Counts occurrences of distinct values of given attribute in snapshots.

Returns dictionary mapping value -> count.

Works for all plain and observation data types except dict and json.

Source code in dp3/database/snapshots.py
def get_distinct_val_count(self, attr: str) -> dict[Any, int]:
    """Counts occurrences of distinct values of given attribute in snapshots.

    Returns dictionary mapping value -> count.

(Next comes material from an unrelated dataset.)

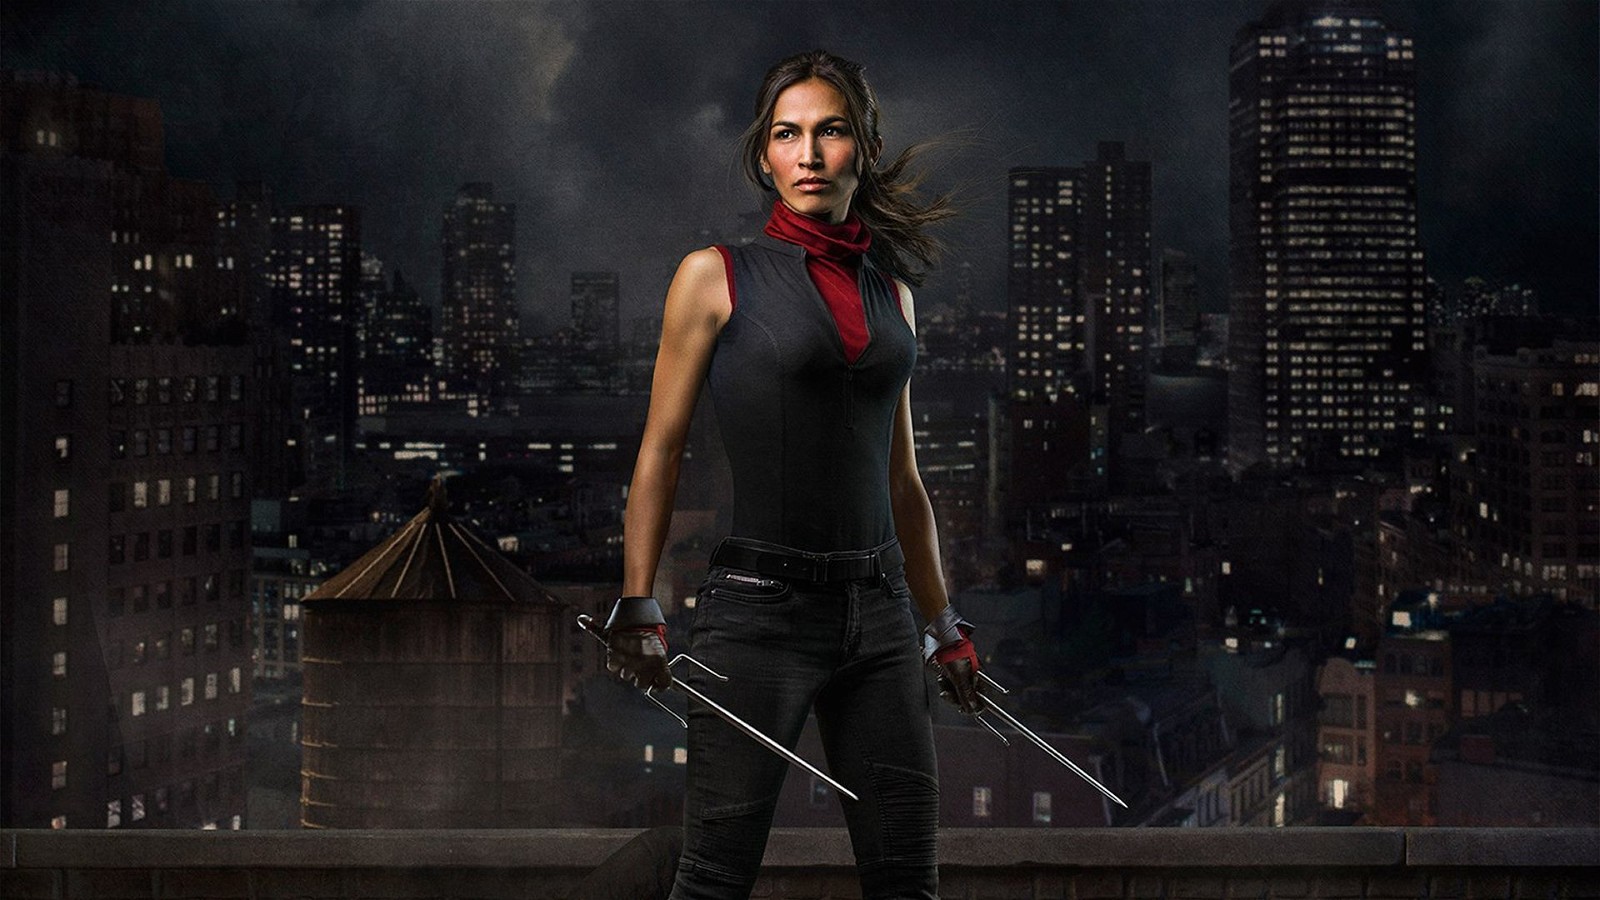 Elodie Yung had portrayed the role of Elektra in Daredevil (2015-2018).

    Works for all plain and observation data types except `dict` and `json`.
    """
    # Get attribute specification
    try:
        attr_spec = self.attr_specs[attr]
    except KeyError as e:
        raise SnapshotCollectionError(f"Attribute '{attr}' does not exist") from e

    if attr_spec.t not in AttrType.PLAIN | AttrType.OBSERVATIONS:
        raise SnapshotCollectionError(f"Attribute '{attr}' isn't plain or observations")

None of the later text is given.